INSTRUCTIONS TO FOLLOW
The data beneath this task is to be duplicated exactly, in its entirety.

• • • •

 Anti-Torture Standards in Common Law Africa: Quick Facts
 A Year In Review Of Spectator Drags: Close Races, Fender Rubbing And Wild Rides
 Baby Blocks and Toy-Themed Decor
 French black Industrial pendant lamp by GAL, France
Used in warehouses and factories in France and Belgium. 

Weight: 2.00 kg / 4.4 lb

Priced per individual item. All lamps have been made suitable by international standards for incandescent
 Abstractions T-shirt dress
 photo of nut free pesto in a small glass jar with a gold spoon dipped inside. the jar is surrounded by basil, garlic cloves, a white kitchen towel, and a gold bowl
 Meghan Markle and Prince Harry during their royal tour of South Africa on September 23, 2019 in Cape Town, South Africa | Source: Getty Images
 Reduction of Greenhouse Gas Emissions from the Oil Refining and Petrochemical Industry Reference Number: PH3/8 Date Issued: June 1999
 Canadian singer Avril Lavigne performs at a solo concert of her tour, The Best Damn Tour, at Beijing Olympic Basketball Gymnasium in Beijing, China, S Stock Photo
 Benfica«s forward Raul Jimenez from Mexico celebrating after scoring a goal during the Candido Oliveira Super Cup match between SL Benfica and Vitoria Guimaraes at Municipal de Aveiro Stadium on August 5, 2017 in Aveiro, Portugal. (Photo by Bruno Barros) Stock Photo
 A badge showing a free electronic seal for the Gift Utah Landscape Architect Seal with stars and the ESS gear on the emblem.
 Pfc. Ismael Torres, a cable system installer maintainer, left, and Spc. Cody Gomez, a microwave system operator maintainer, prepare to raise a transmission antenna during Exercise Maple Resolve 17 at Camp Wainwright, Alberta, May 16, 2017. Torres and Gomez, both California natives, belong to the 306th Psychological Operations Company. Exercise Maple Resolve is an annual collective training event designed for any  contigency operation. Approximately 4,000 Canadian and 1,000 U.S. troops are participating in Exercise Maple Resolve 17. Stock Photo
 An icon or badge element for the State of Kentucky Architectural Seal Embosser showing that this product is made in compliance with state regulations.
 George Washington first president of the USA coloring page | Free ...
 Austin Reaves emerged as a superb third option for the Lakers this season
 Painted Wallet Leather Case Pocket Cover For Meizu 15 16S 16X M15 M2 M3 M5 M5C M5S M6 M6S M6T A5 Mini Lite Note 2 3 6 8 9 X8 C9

• • • •

EXERCISE RESPONSE
 Anti-Torture Standards in Common Law Africa: Quick Facts
 A Year In Review Of Spectator Drags: Close Races, Fender Rubbing And Wild Rides
 Baby Blocks and Toy-Themed Decor
 French black Industrial pendant lamp by GAL, France
Used in warehouses and factories in France and Belgium. 

Weight: 2.00 kg / 4.4 lb

Priced per individual item. All lamps have been made suitable by international standards for incandescent
 Abstractions T-shirt dress
 photo of nut free pesto in a small glass jar with a gold spoon dipped inside. the jar is surrounded by basil, garlic cloves, a white kitchen towel, and a gold bowl
 Meghan Markle and Prince Harry during their royal tour of South Africa on September 23, 2019 in Cape Town, South Africa | Source: Getty Images
 Reduction of Greenhouse Gas Emissions from the Oil Refining and Petrochemical Industry Reference Number: PH3/8 Date Issued: June 1999
 Canadian singer Avril Lavigne performs at a solo concert of her tour, The Best Damn Tour, at Beijing Olympic Basketball Gymnasium in Beijing, China, S Stock Photo
 Benfica«s forward Raul Jimenez from Mexico celebrating after scoring a goal during the Candido Oliveira Super Cup match between SL Benfica and Vitoria Guimaraes at Municipal de Aveiro Stadium on August 5, 2017 in Aveiro, Portugal. (Photo by Bruno Barros) Stock Photo
 A badge showing a free electronic seal for the Gift Utah Landscape Architect Seal with stars and the ESS gear on the emblem.
 Pfc. Ismael Torres, a cable system installer maintainer, left, and Spc. Cody Gomez, a microwave system operator maintainer, prepare to raise a transmission antenna during Exercise Maple Resolve 17 at Camp Wainwright, Alberta, May 16, 2017. Torres and Gomez, both California natives, belong to the 306th Psychological Operations Company. Exercise Maple Resolve is an annual collective training event designed for any  contigency operation. Approximately 4,000 Canadian and 1,000 U.S. troops are participating in Exercise Maple Resolve 17. Stock Photo
 An icon or badge element for the State of Kentucky Architectural Seal Embosser showing that this product is made in compliance with state regulations.
 George Washington first president of the USA coloring page | Free ...
 Austin Reaves emerged as a superb third option for the Lakers this season
 Painted Wallet Leather Case Pocket Cover For Meizu 15 16S 16X M15 M2 M3 M5 M5C M5S M6 M6S M6T A5 Mini Lite Note 2 3 6 8 9 X8 C9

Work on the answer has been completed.